WORK INSTRUCTION — Each line below needs to be returned exactly. Skip any picture.

AVAILABLE DATA —
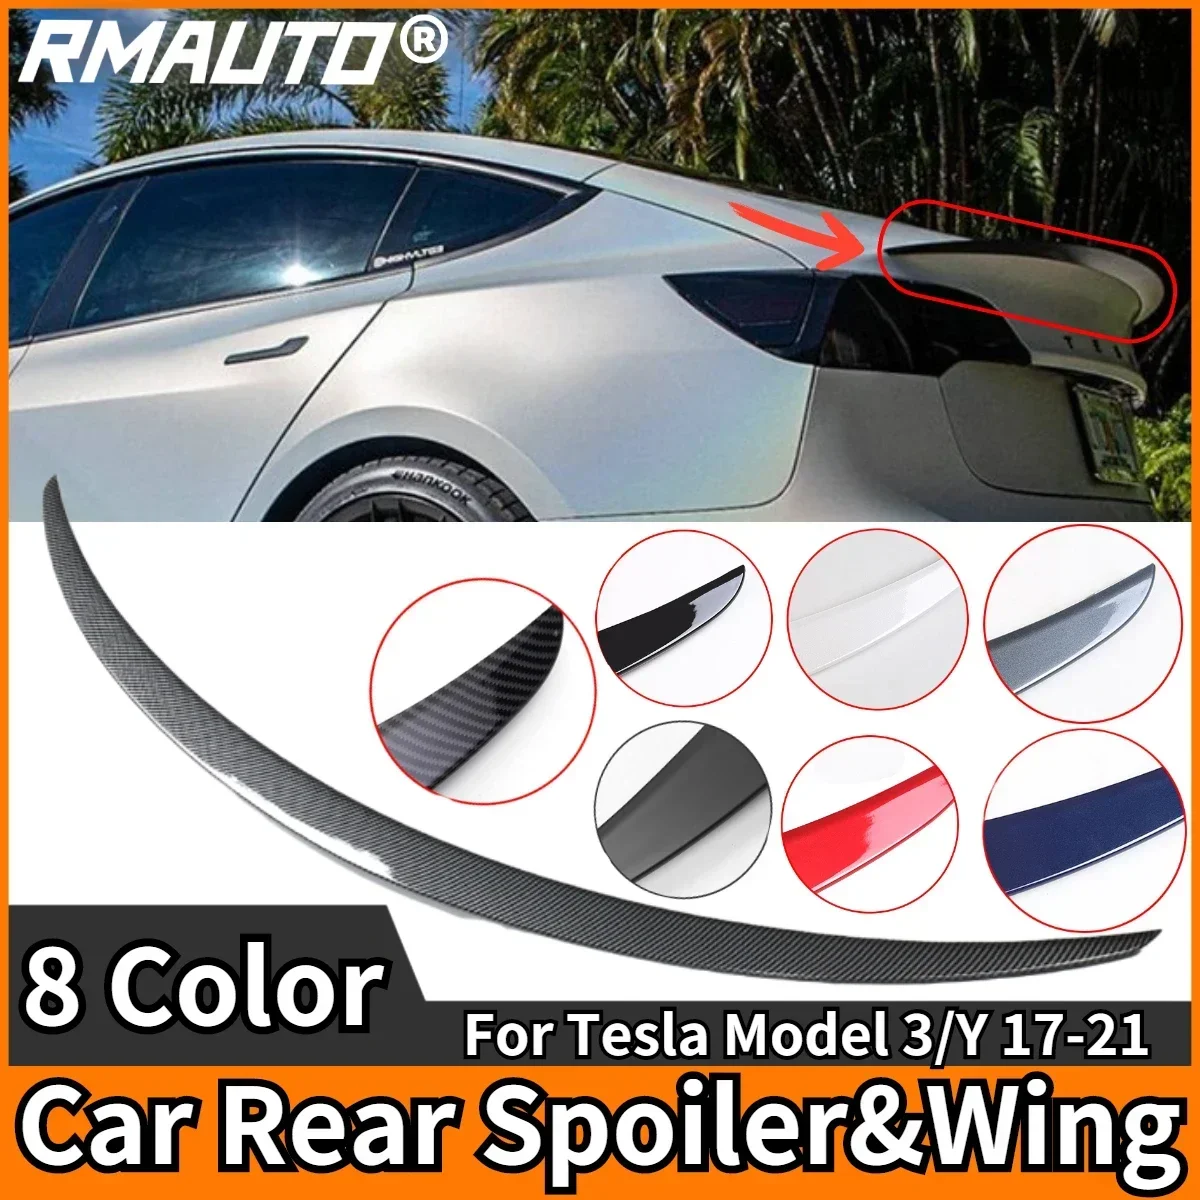 

RMAUTO Carbon Fiber Rear Trunk Spoiler Wing Performance Type For Tesla Model 3 2017-2021 Model Y 2021 Car Accessories Body Kit
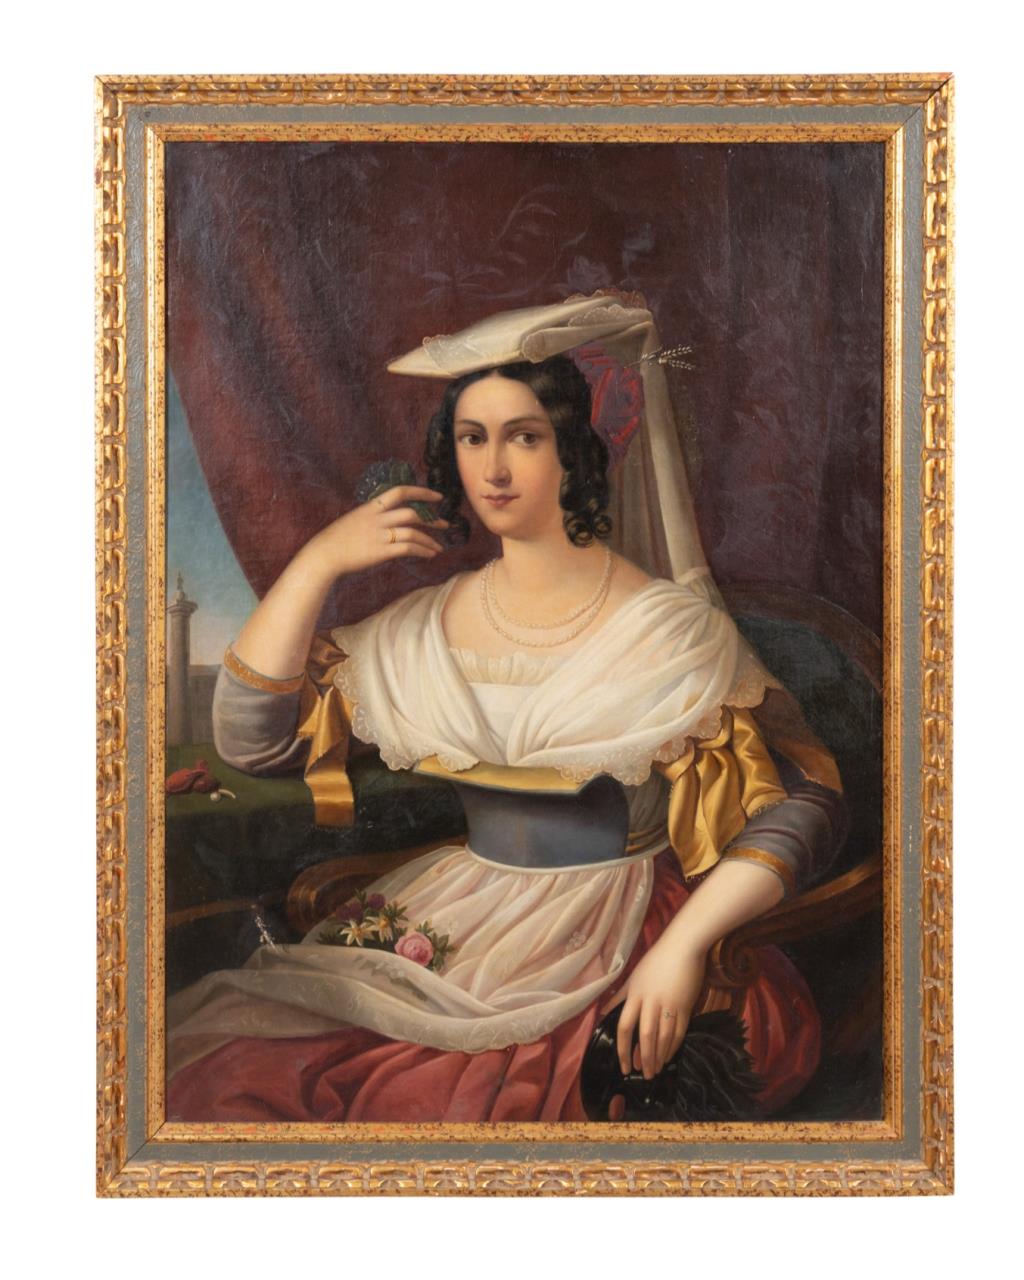 19TH C PORTRAIT OF A WOMAN FROM 2f9985
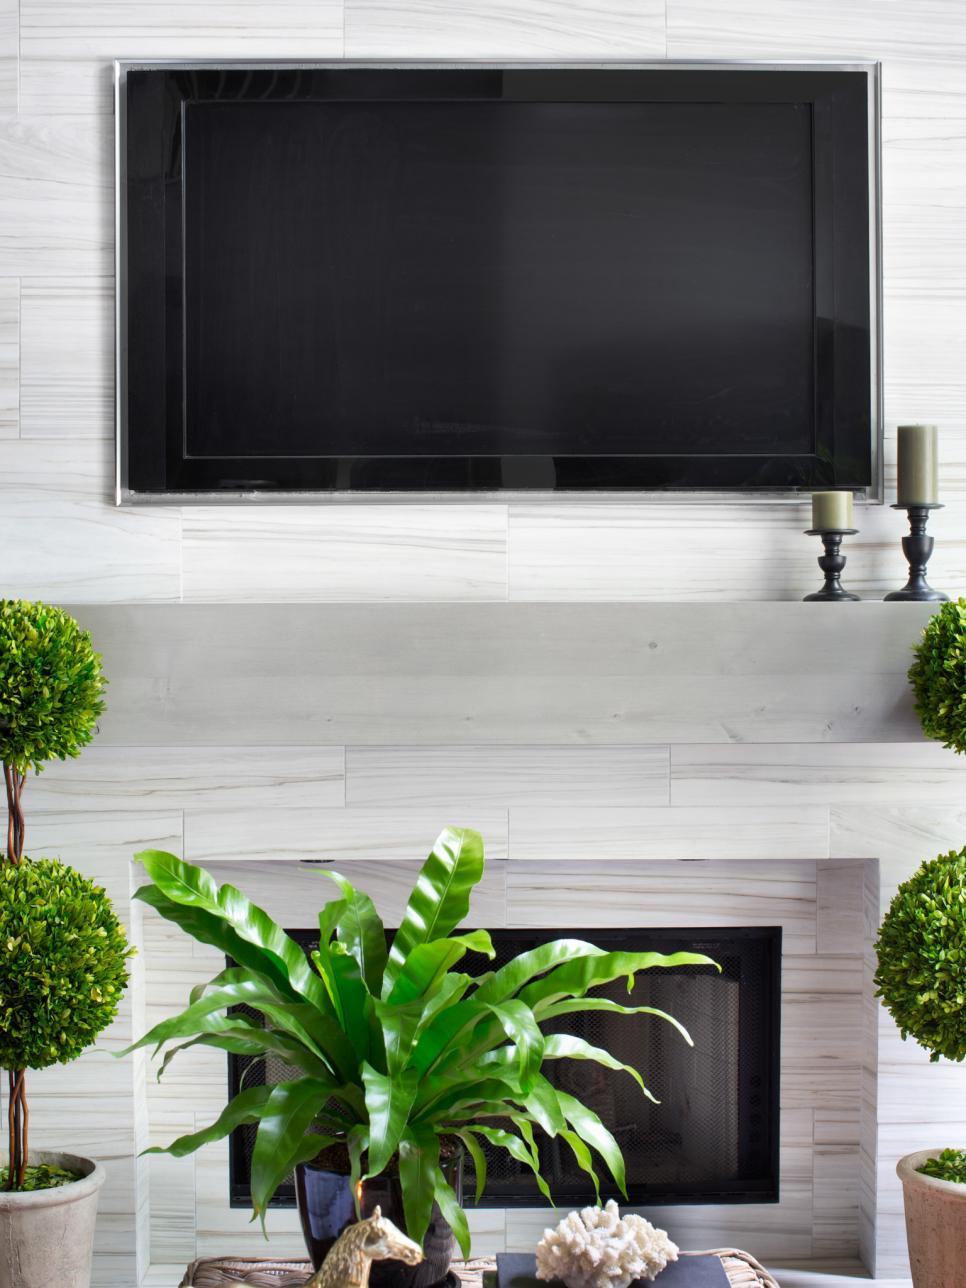 Should a TV be mounted over a fireplace?
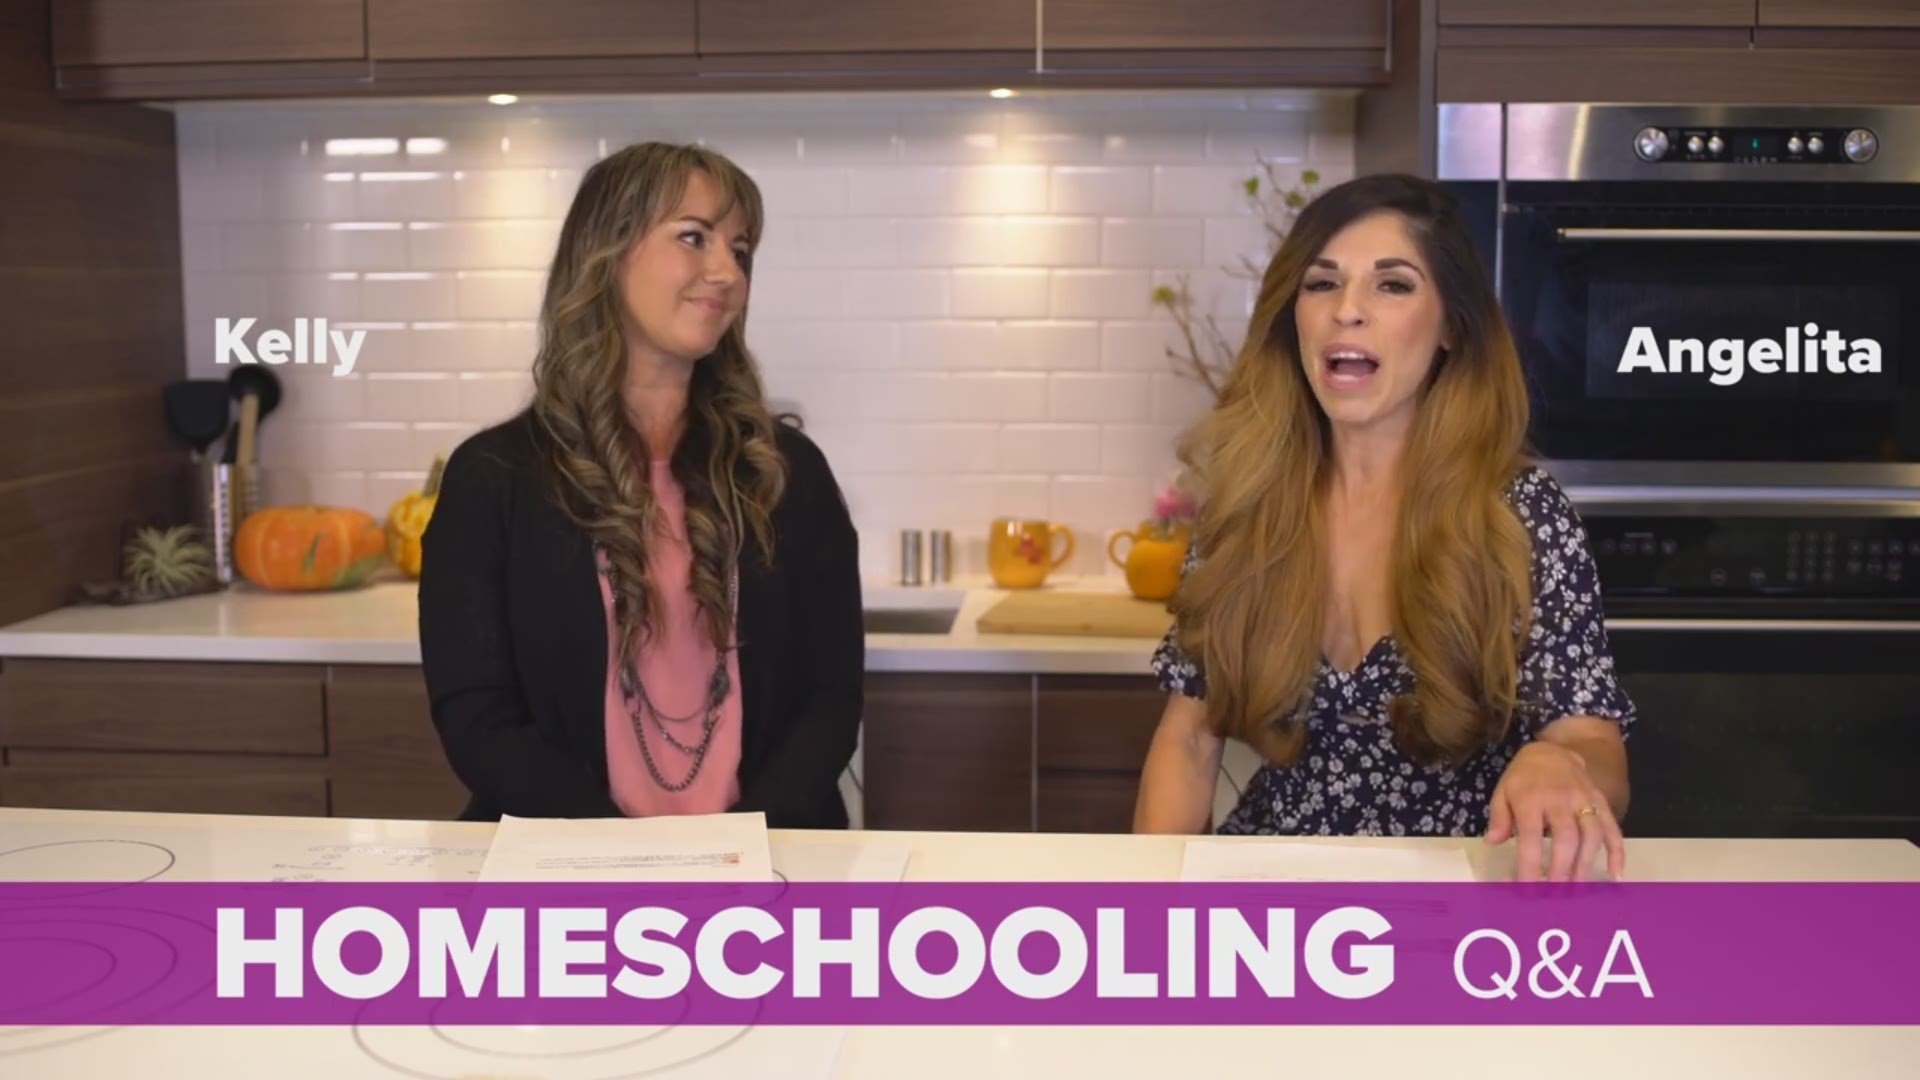 Is homeschooling right for my family? Two moms answer your questions from Three Moms and a Dad about homeschooling.

WRITTEN SOLUTION —
RMAUTO Carbon Fiber Rear Trunk Spoiler Wing Performance Type For Tesla Model 3 2017-2021 Model Y 2021 Car Accessories Body Kit
 19TH C PORTRAIT OF A WOMAN FROM 2f9985
 Should a TV be mounted over a fireplace?
 Is homeschooling right for my family? Two moms answer your questions from Three Moms and a Dad about homeschooling.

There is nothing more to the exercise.